### Directions
From the first line to the last, write out the records exactly, leaving out images.

### Raw data
====

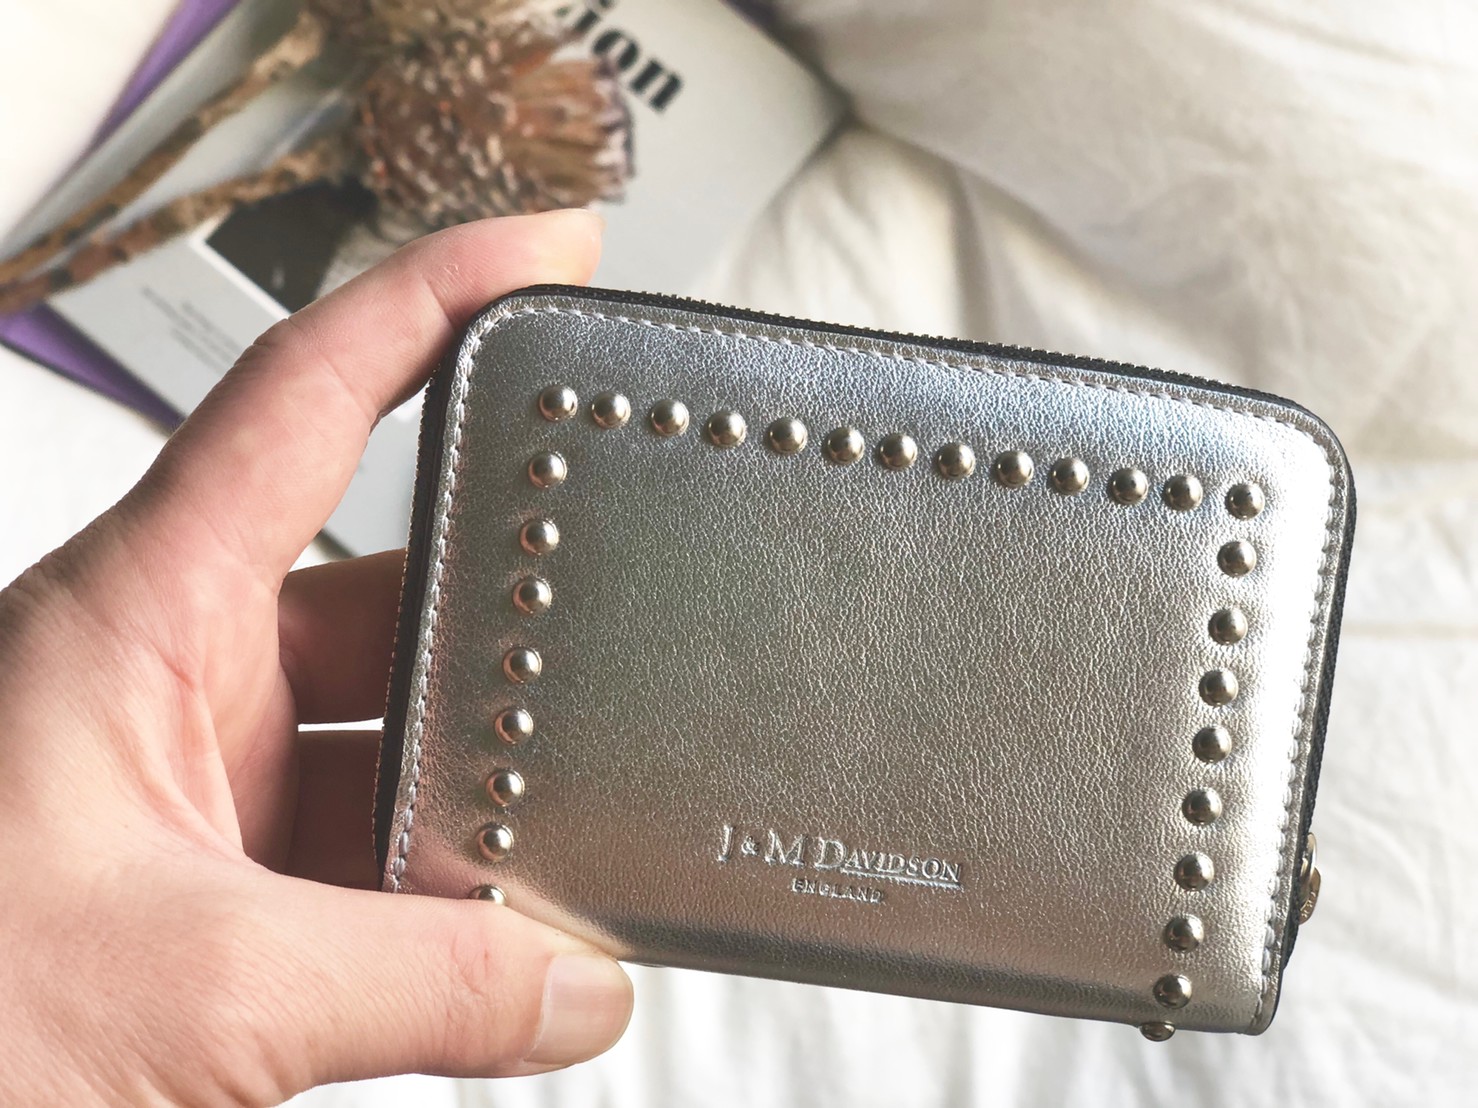 【新品未使用】J&M DAVIDSON 財布ジップウォレット
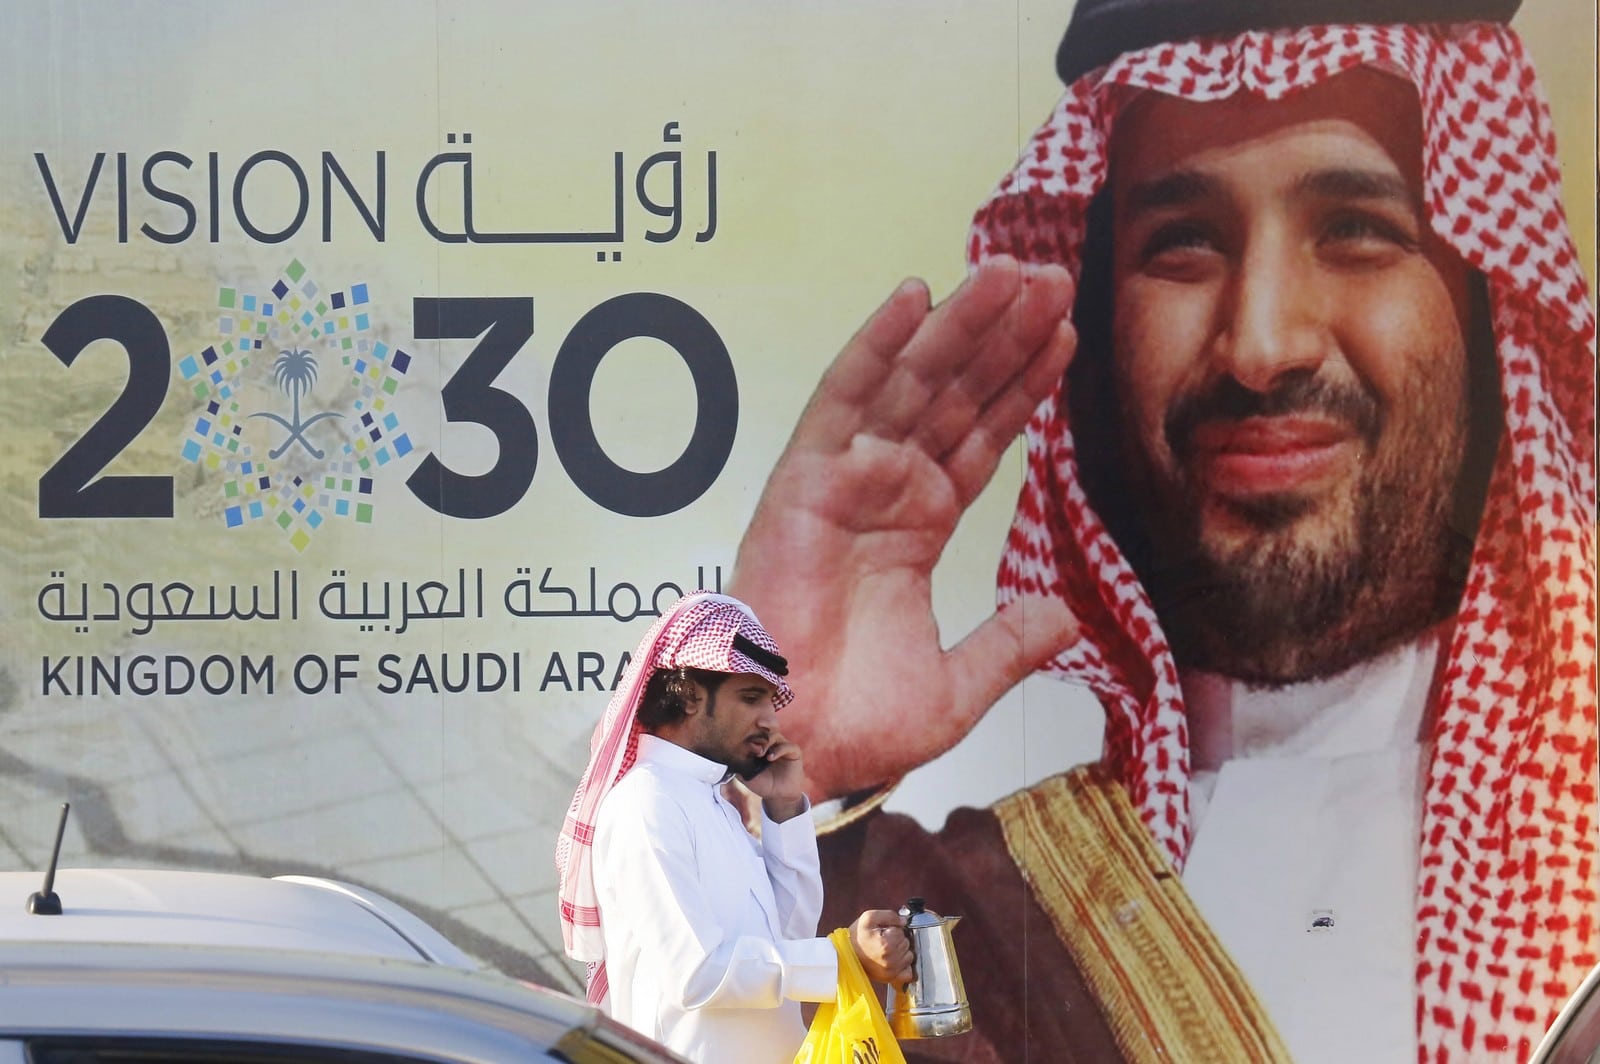 Février 2020 à Djeddah, pancarte montrant le prince héritier Mohammed bin Salmane et son plan "Vision 2030",
Auteurs  : Amr Nabil/AP/SIPA,
Numéro de reportage  : AP22425949_000001.
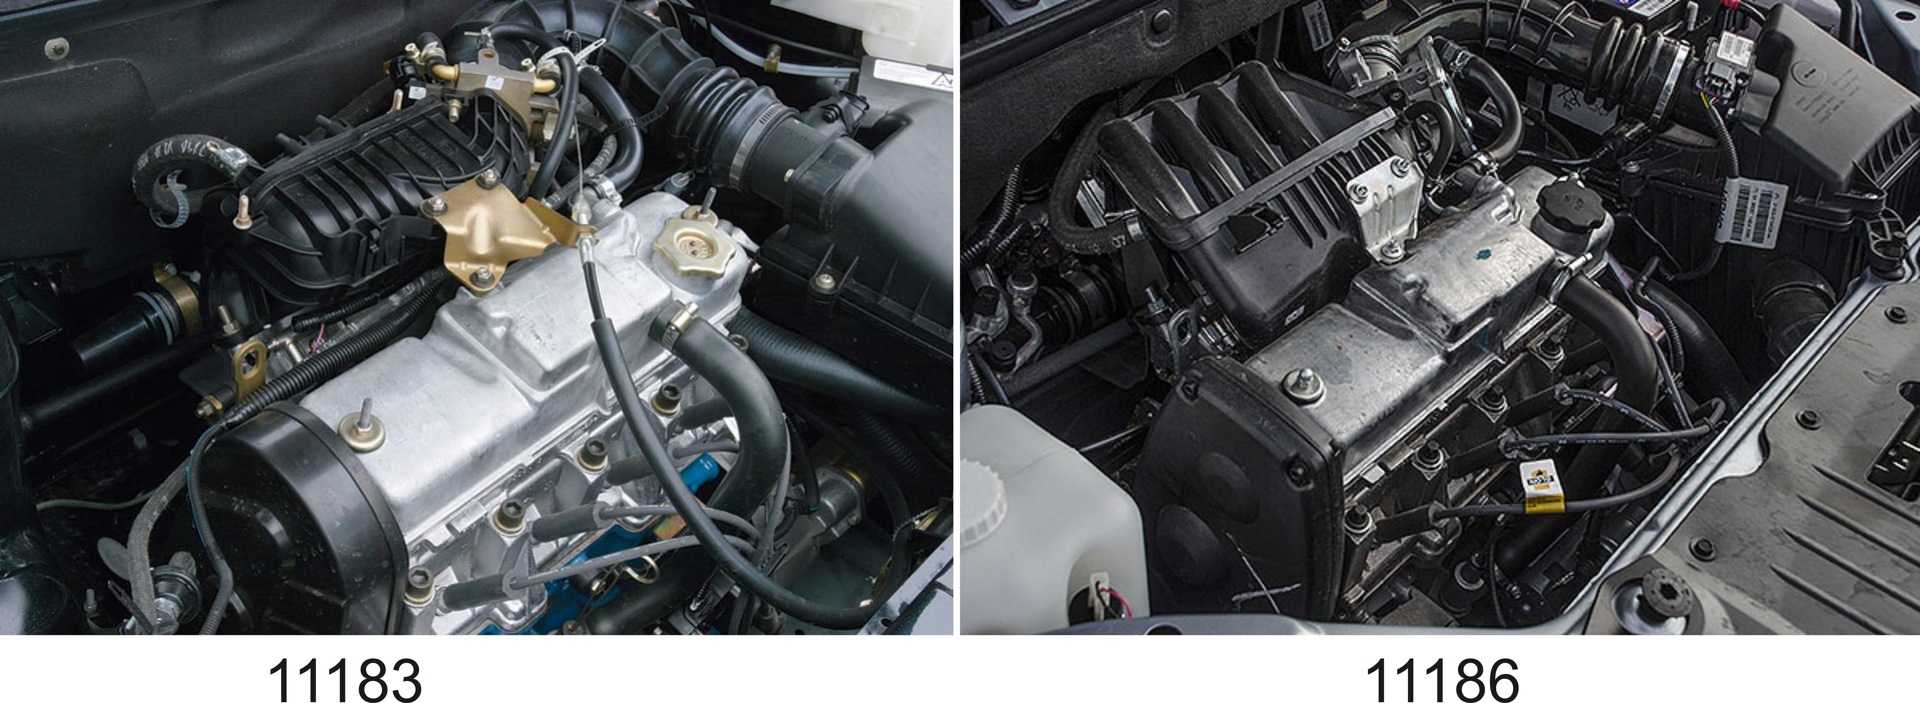 Лада Гранта с двигателем 8 клапанов: характеристики мотора ВАЗ 21116, его особенности, плюсы и минусы Обслуживание, надежность, ресурс двигателя Гранта
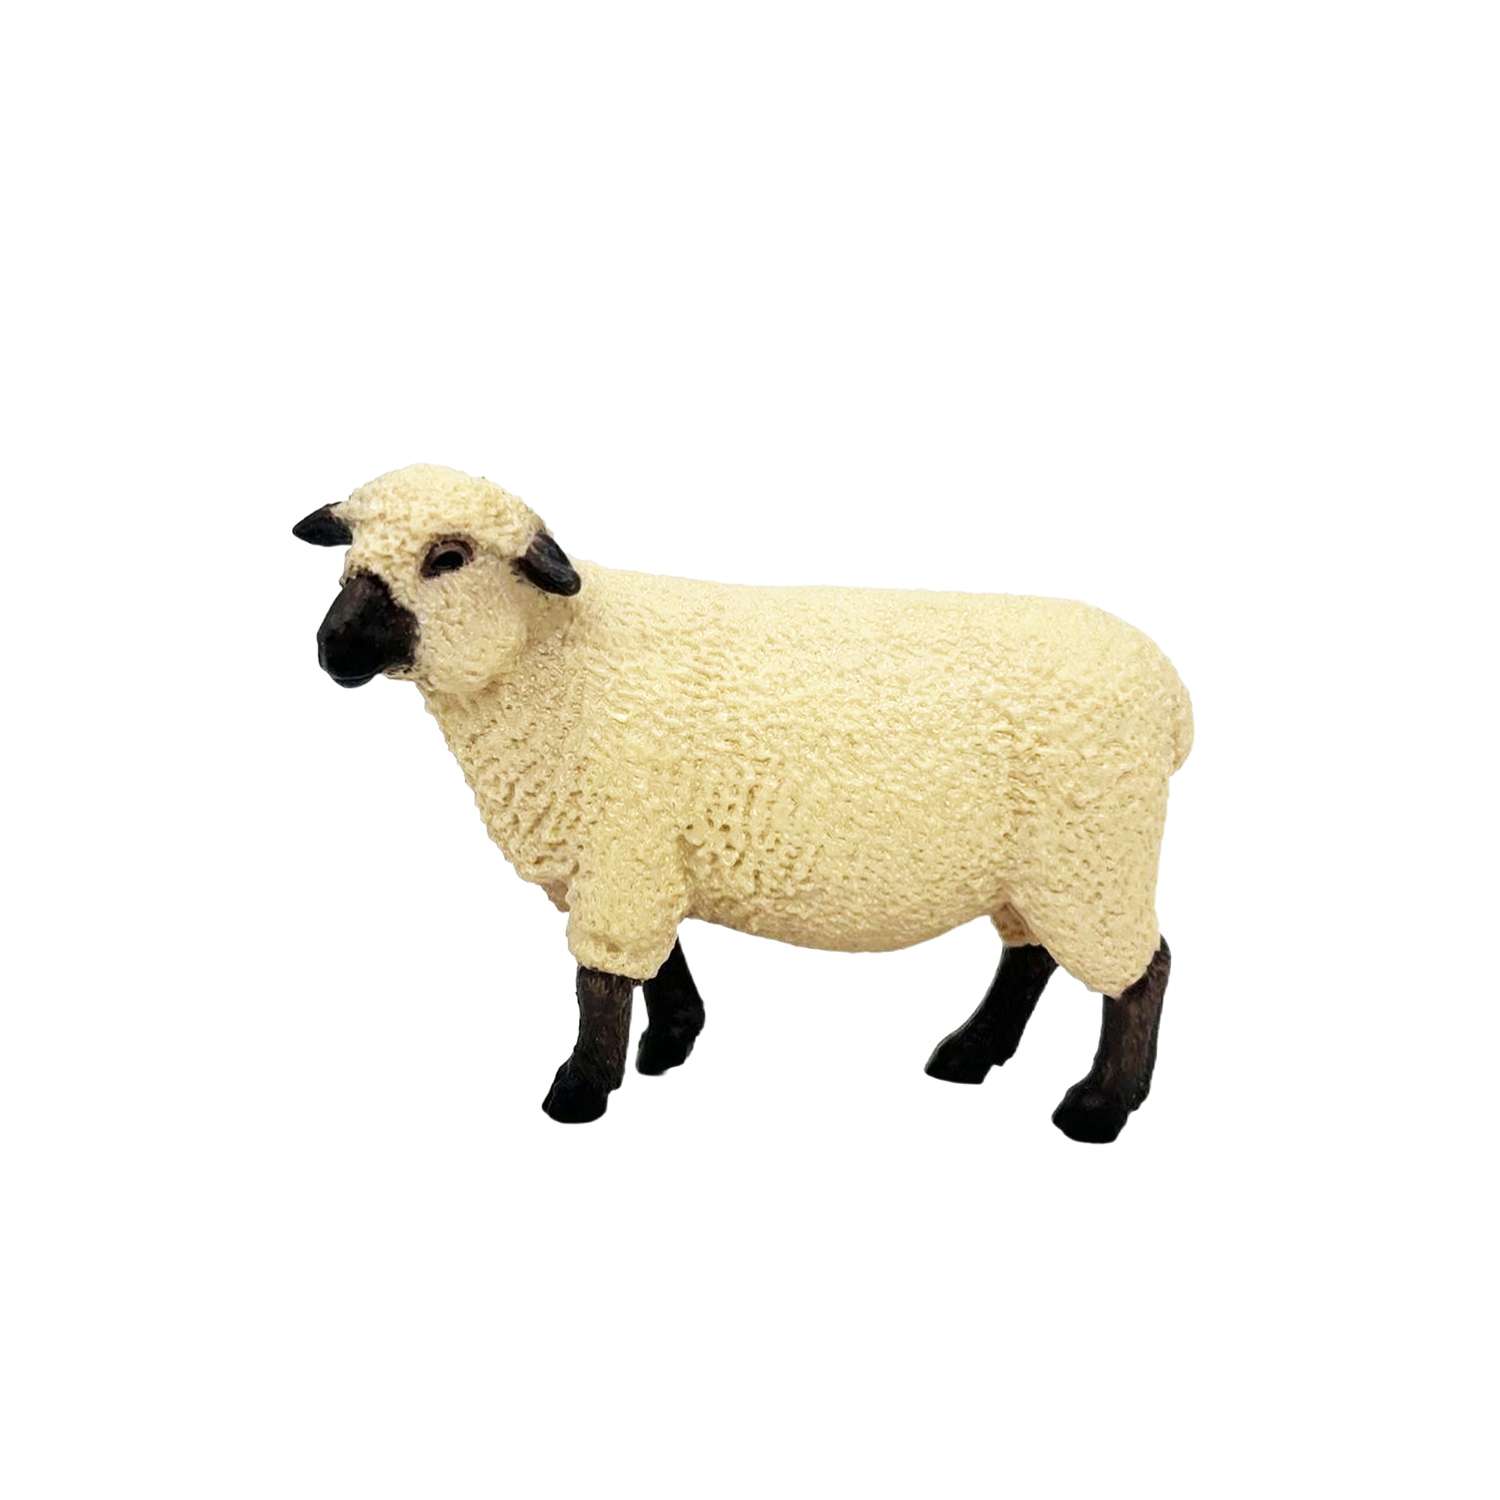 Фигурка животного Детское Время Овца породы Шропшир - фото 1
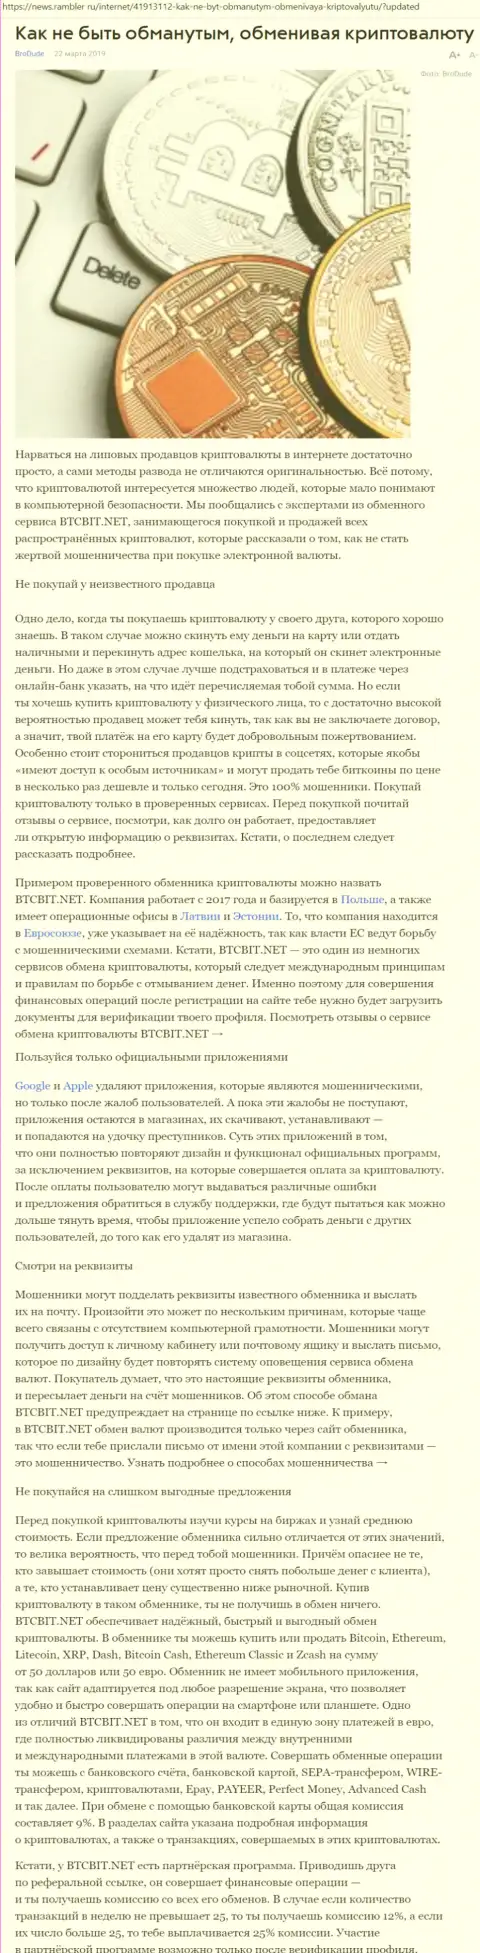 Статья о БТЦБИТ Нет на News Rambler Ru

====

### Finished task
 【新品未使用】J&M DAVIDSON 財布ジップウォレット
 Février 2020 à Djeddah, pancarte montrant le prince héritier Mohammed bin Salmane et son plan "Vision 2030",
Auteurs  : Amr Nabil/AP/SIPA,
Numéro de reportage  : AP22425949_000001.
 Лада Гранта с двигателем 8 клапанов: характеристики мотора ВАЗ 21116, его особенности, плюсы и минусы Обслуживание, надежность, ресурс двигателя Гранта
 Фигурка животного Детское Время Овца породы Шропшир - фото 1
 Статья о БТЦБИТ Нет на News Rambler Ru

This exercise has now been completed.